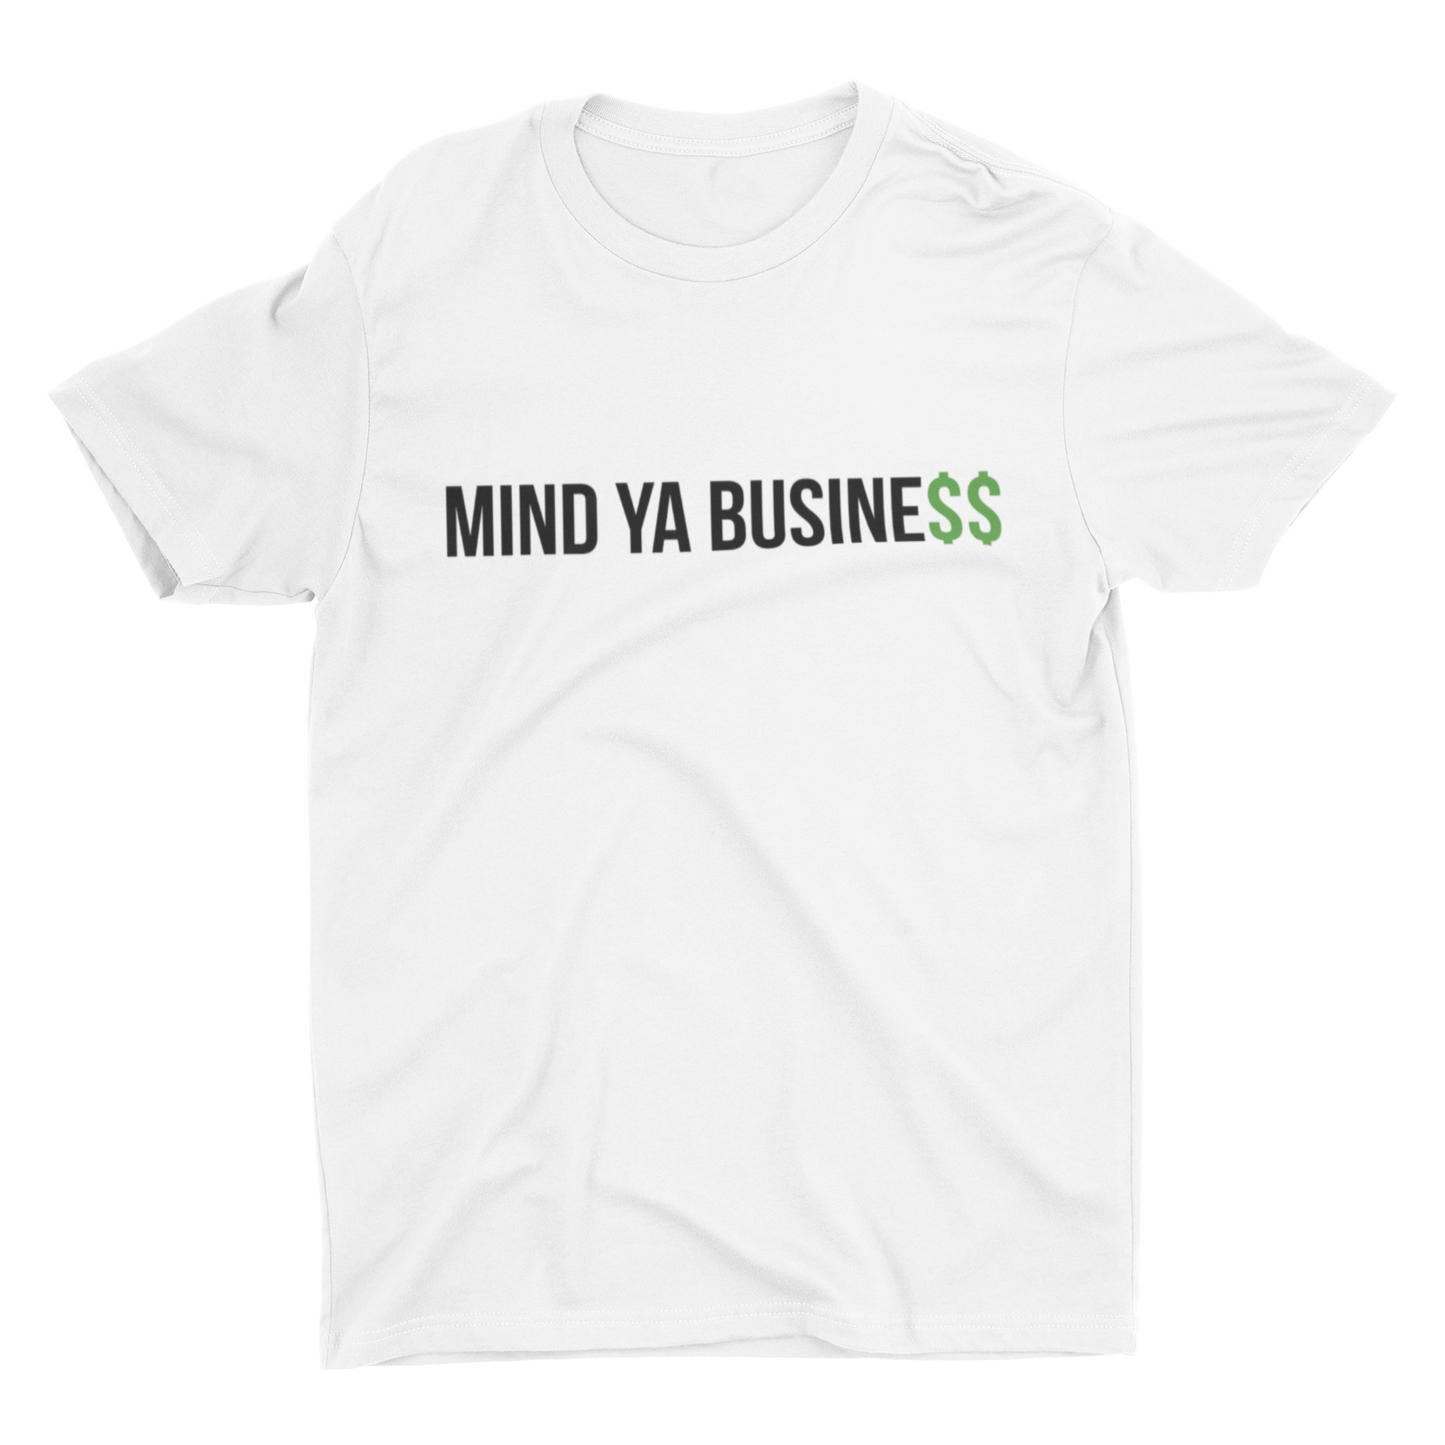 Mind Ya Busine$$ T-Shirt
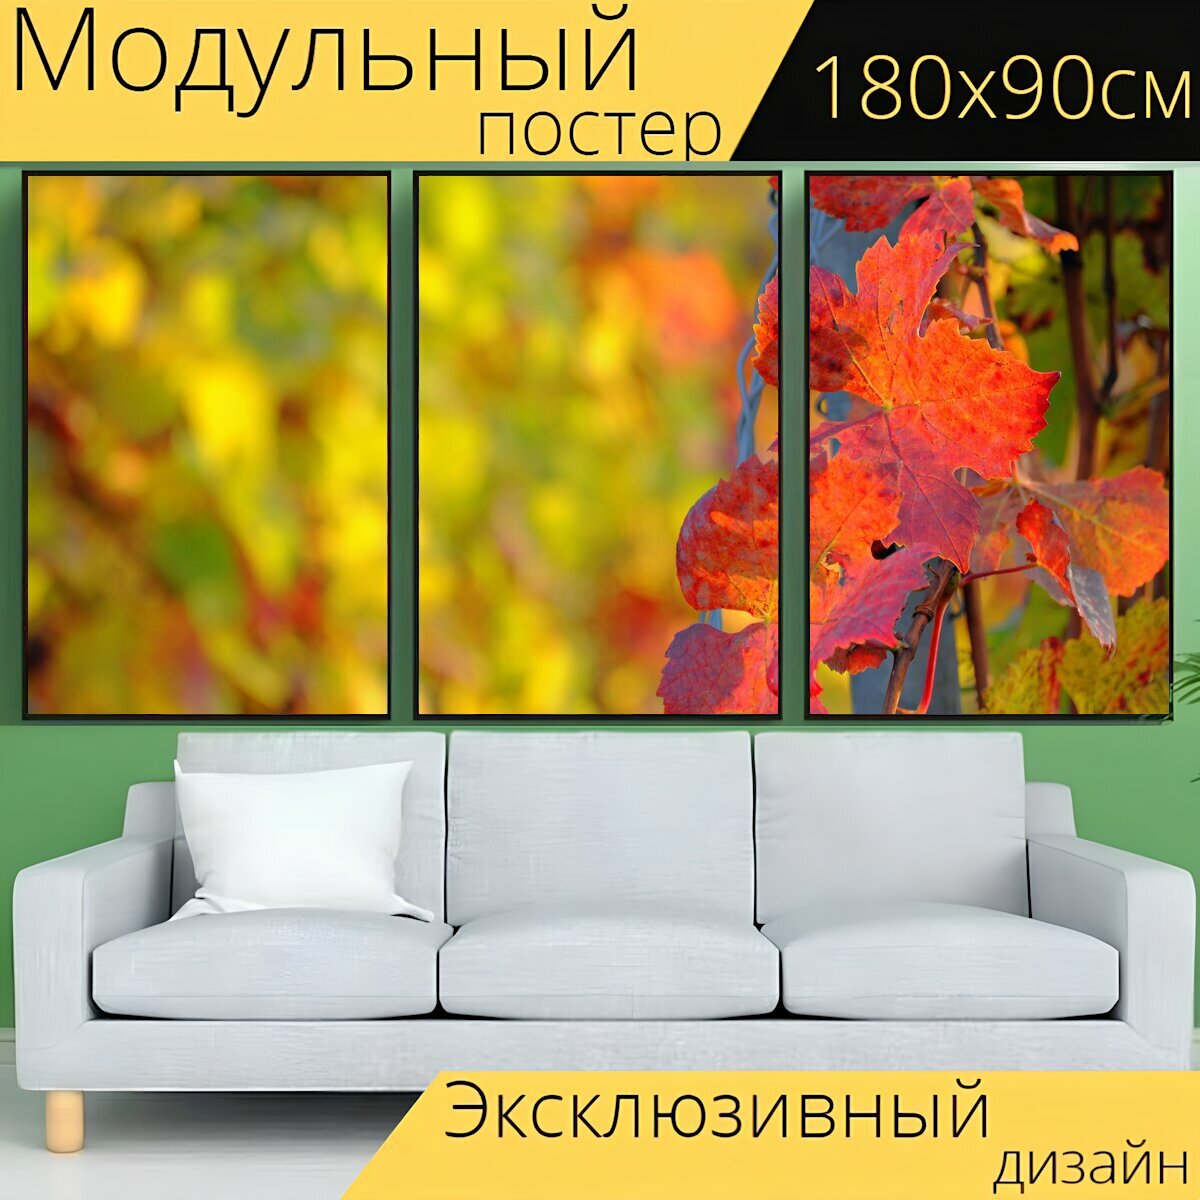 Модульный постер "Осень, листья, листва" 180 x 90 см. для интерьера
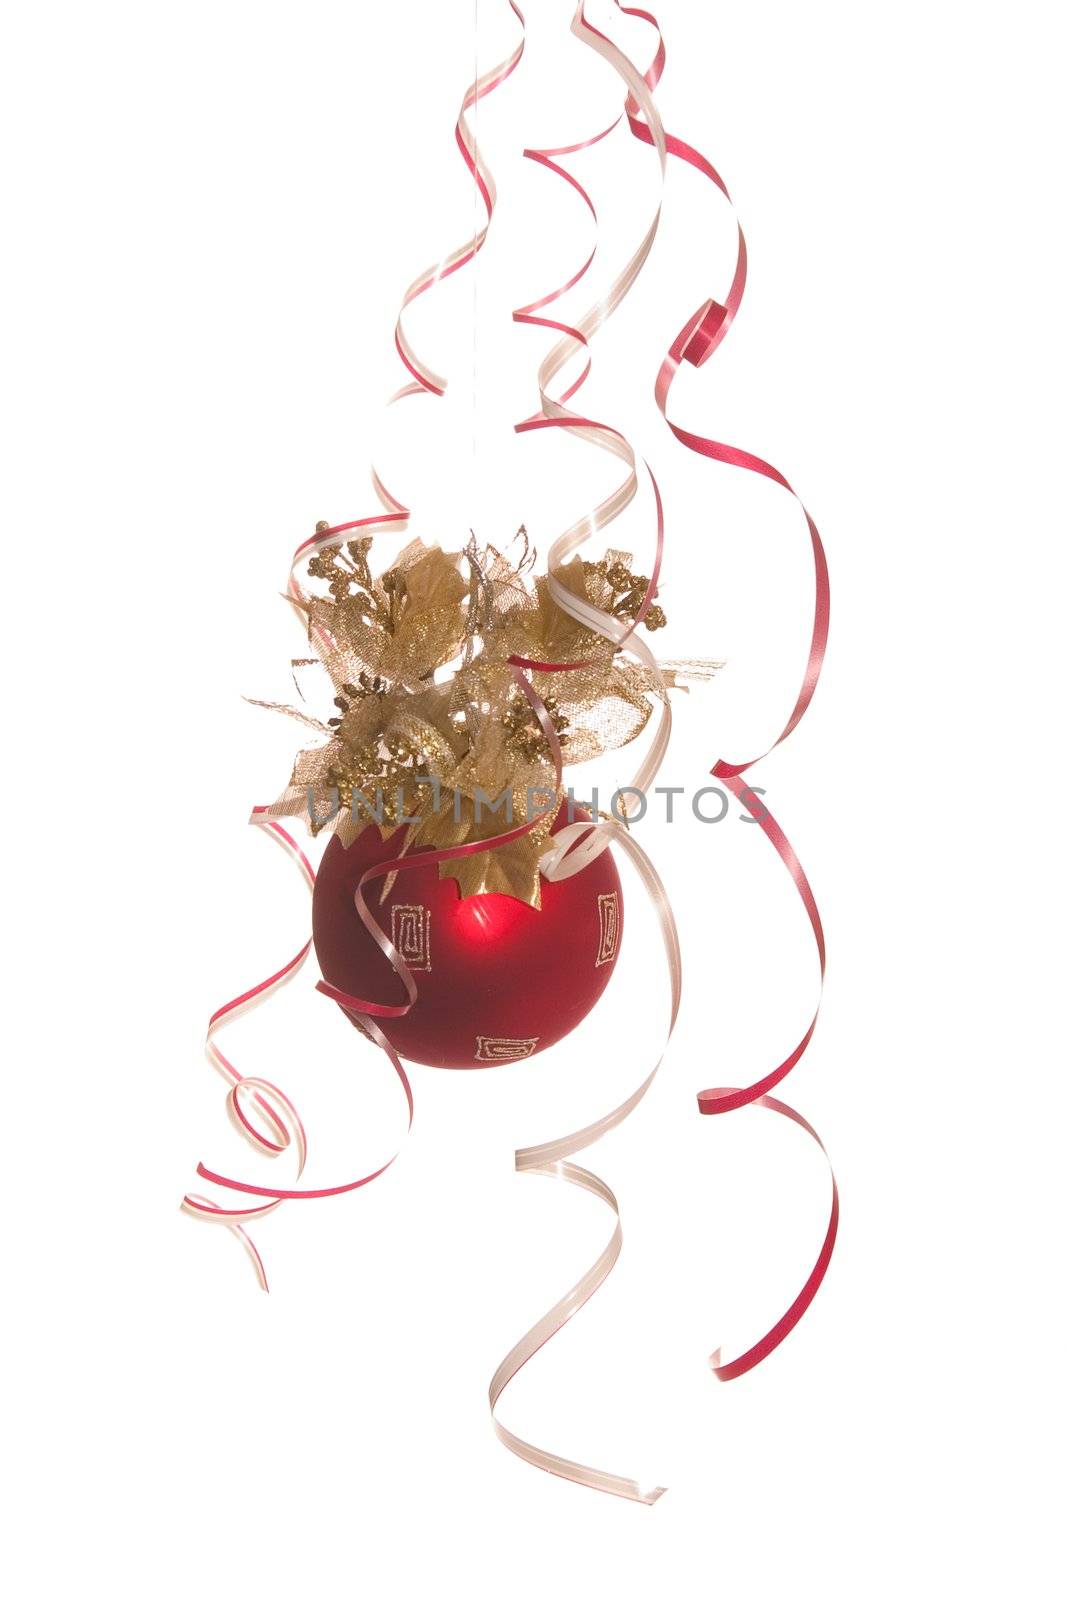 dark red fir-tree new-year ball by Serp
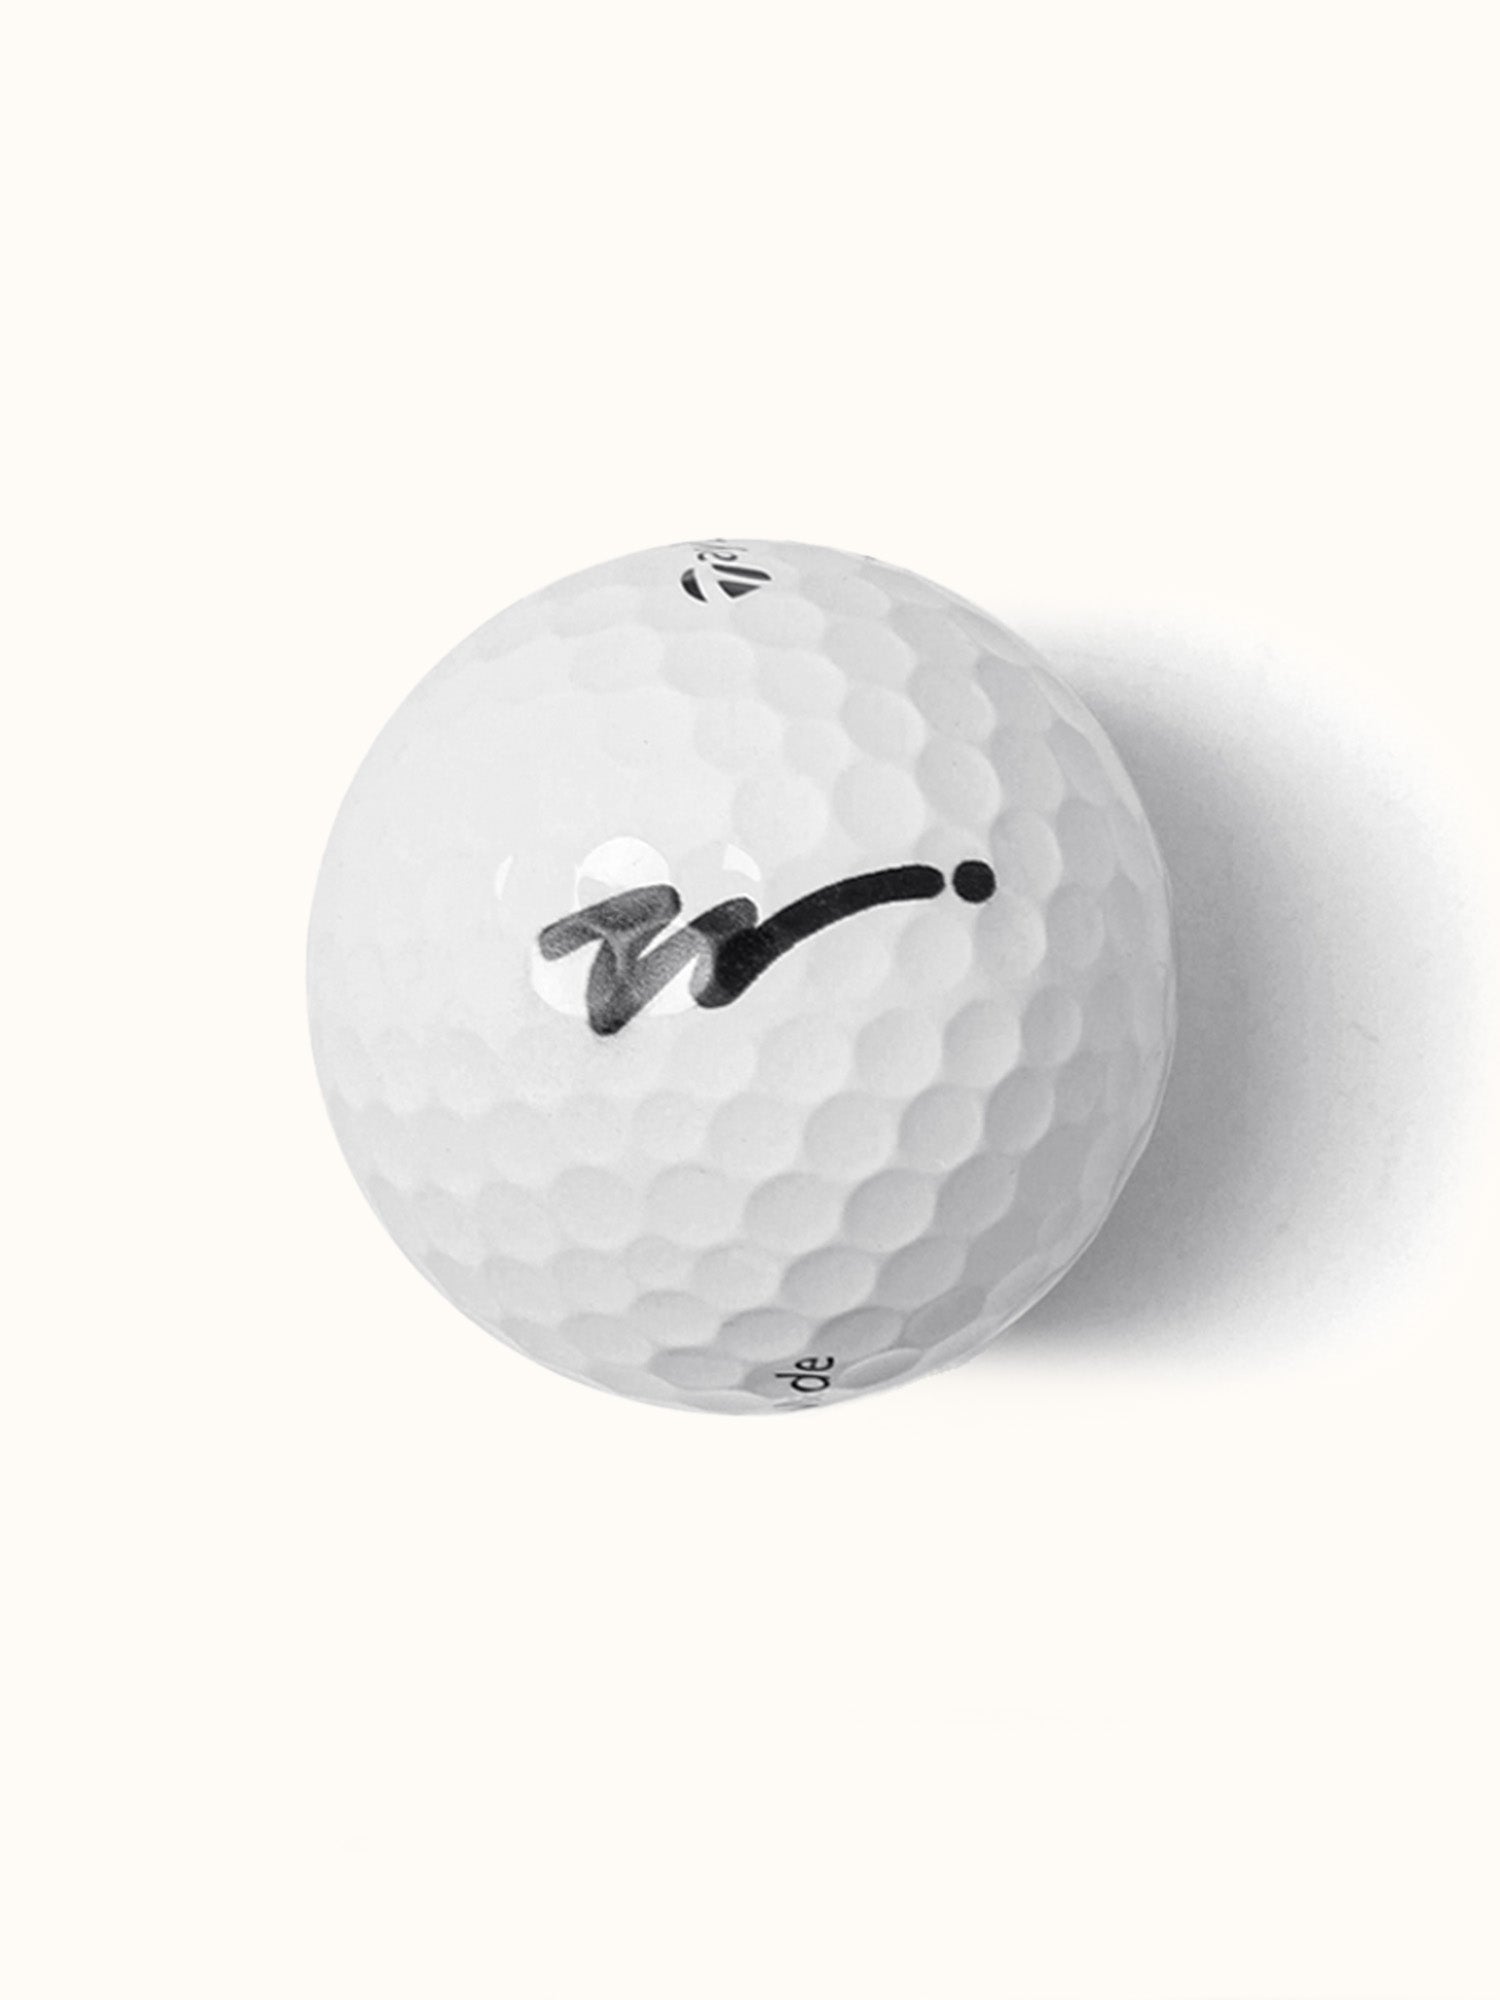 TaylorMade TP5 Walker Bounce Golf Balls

_WHAT IS BEING ASKED_
Reproduce, exactly and without pictures, the lines above from the one containing "dark red fir-tree new-year ball by Serp" through the last line of the material, both ends included, and nothing more.

_RESPONSE BELOW_
 dark red fir-tree new-year ball by Serp
 TaylorMade TP5 Walker Bounce Golf Balls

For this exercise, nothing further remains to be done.